Наконец вдали показалась разноцветная громада из стекла, железа и бетона с просторной площадью у входа. На брусчатке сидели люди, пили из бумажных стаканчиков кофе, беседовали, тут же наяривали музыканты. Вера подняла глаза к странной конструкции центра Помпиду. Это был словно вывернутый наизнанку робот, он казался островком современности в густоте построек в стиле довоенного модерна. Прямо через улицу шла сплошная линия жилых домов из светло-кремового камня с неизменными магазинами и кафе на первых этажах под ярко-красными маркизами, балкончиками и мансардами под темной шапочкой черепицы.
Они обогнули торец этого робота, вновь углубившись в привычный парижский пейзаж. В глубине дворов прятался неопрятный особняк Отель Эгле д’O. В его подвале и располагался авангардный театр, основанный в 70-х. Вход представлял собой нечто очень гротескное и пугающее – кривые двери, над которыми кое-как наляпаны старые афиши, рядом – окно с решеткой и кроваво-красные буквы «Theatre Essaion», часть из которых отвалилась и повисла.
Эмиля и Веру никто не остановил, когда они темными коридорами пробрались в один из двух залов, где проводились спектакли. Неоштукатуренный кирпич, сводчатые потолки, железные стулья, кривые простенки, абсолютное отсутствие сцены, томное освещение, актеры, одетые в обноски. Шла репетиция «Алисы в Зазеркалье».
– Мать Тьерри, – махнул головой Эмиль на невысокую хрупкую женщину в белом девчачьем платье, кроссовках и с красным бантом в рыжих волосах. Они наблюдали за актерами в тени прохода. – У меня с ней диалога не получилось. Придется вам. Это ее муж, уже давно бывший, заказал расследование.
– Ах да. – Вера припоминала, написано ли это в деле.
Репетиция закончилась, актеры что-то обсудили, перекинувшись несколькими непонятными фразами, и стали расходиться.

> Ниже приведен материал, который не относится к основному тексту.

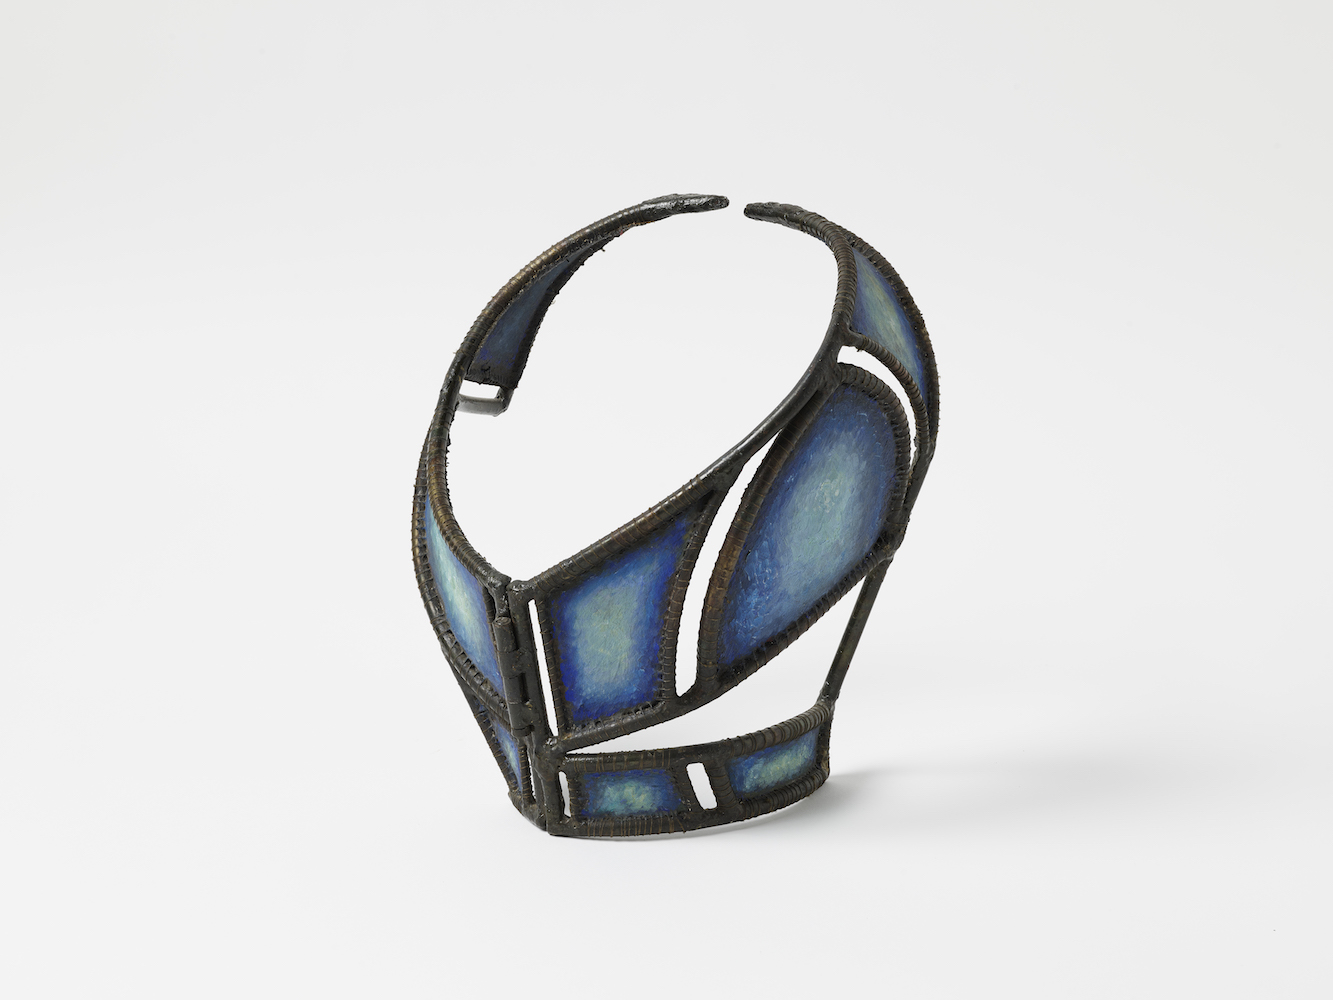   Necklace , 1984  Steel, fabric, 12.5” x 14” x 8”

Стоявшие в проходе Эмиль и Вера посторонились, пропуская их. Боясь упустить добычу, Вера тотчас выступила в полоску света, когда Алиса, снимая с волос бант, направилась к выходу.
– Здравствуйте, мадам. Я Вера Максимова, из агентства Герши. Вы не уделите пару минут?
Актриса остановилась, окинув Веру тяжелым, усталым взглядом, совсем не свойственным амплуа инженю, в образе которого она пребывала минуту назад.
– Что за акцент? Вы из Болгарии?
Вера вспыхнула. Ей всегда казалось, что благодаря общению через «Тандем» она поднаторела в парижском французском.
– Ладно, – смягчилась мать Тьерри, заметив, в какой ступор ввела бедную приезжую. – Что вы хотели? Выкладывайте. Только быстро.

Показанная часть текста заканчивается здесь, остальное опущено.